According to the figures of the Institute of Contemporary Jewry, out of 14.4 million Jews worldwide, 6.3 million live in Israel as compared to 5.7 million in the United States. The progress Judaism has made in the young state is unprecedented in all of Jewish history.

By virtue of this, Israel has become a world cultural center which attracts visitors from all the world – and not only Jewish ones – who come to see and learn. “For from Zion will come forth Torah.”

It is impossible to comprehend the miracle of how in such a short time, a young and tiny state successfully withstood all of these challenges simultaneously. And this is in spite of the fact that numerous mistakes were made along the way. Israel is a young state which looks and acts like a veteran, mature state.

On Independence Day, we should note that the rapid rebirth of Israel has no parallel in human history. Especially in light of the fact that the Jews were a persecuted nation dispersed across the world for 2,000 years, and only a handful managed to live in the land of Israel during the exile.

This unique phenomenon has spellbound men of spirit from the entire world and of all religions. They cannot remain aloof to this, and they are constantly trying to understand the secret of this magic.

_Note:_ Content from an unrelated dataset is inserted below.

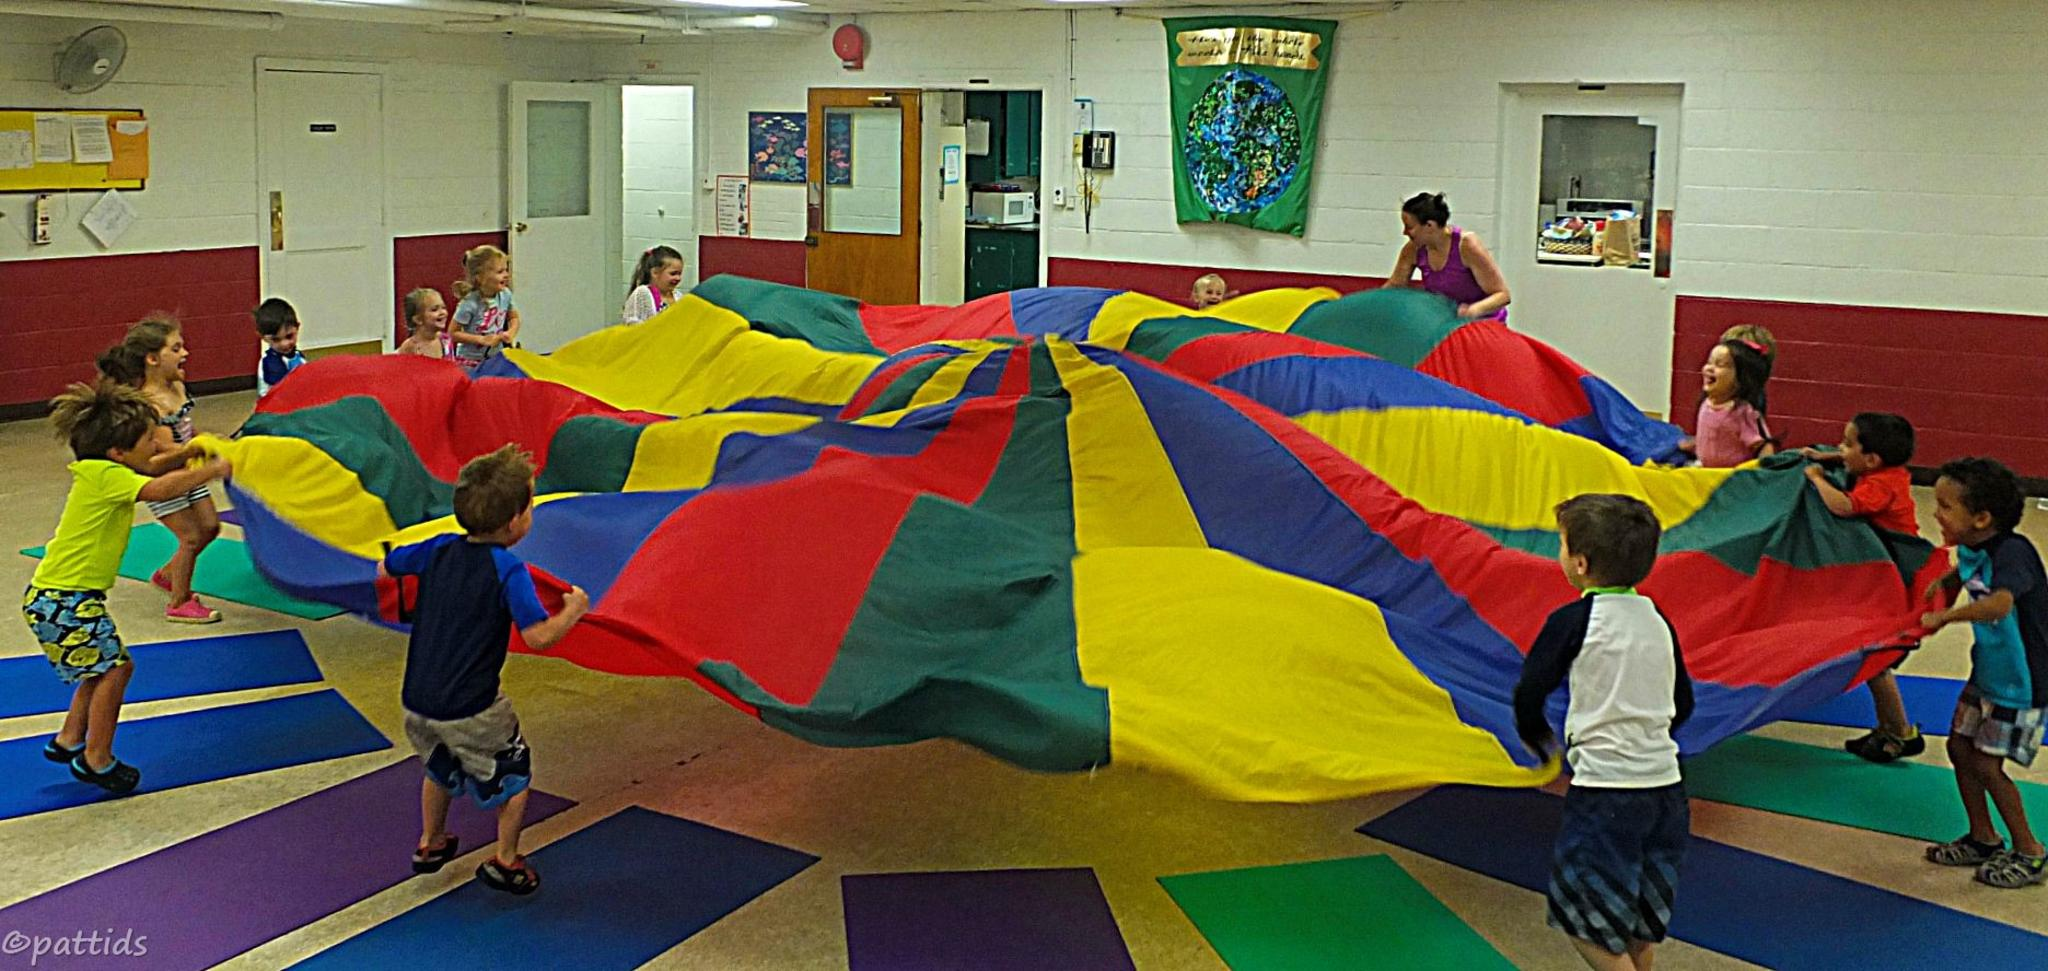 more parachute fun by pattids

So what can we say to our state on its birthday? On one hand, the State of Israel has many good reasons to be satisfied with itself, as an established and mature state. On the other hand, it cannot afford to “grow old” and to think it has reached its peak, and that after it has “done its share” it can sit back and enjoy the fruits of its success.

It has to remain young, vibrant and energetic, and hungry for the new challenges which will surely knock on its doors. Israel can also count on its enemies, who haven’t yet reconciled with its existence, to never give it the deceptive luxury of getting too comfortable.

On Independence Day we have to remind ourselves that the vision of the Jewish state is an eternal vision which has no bounds and no end. There is always where to make progress and more to do. And we will not allow ourselves to be satisfied with less than perfection.

The author, a rabbi and colonel in the IDF reserves, is the rosh yeshiva of the Meir Harel Hesder Yeshiva Modi’in – Ofakim.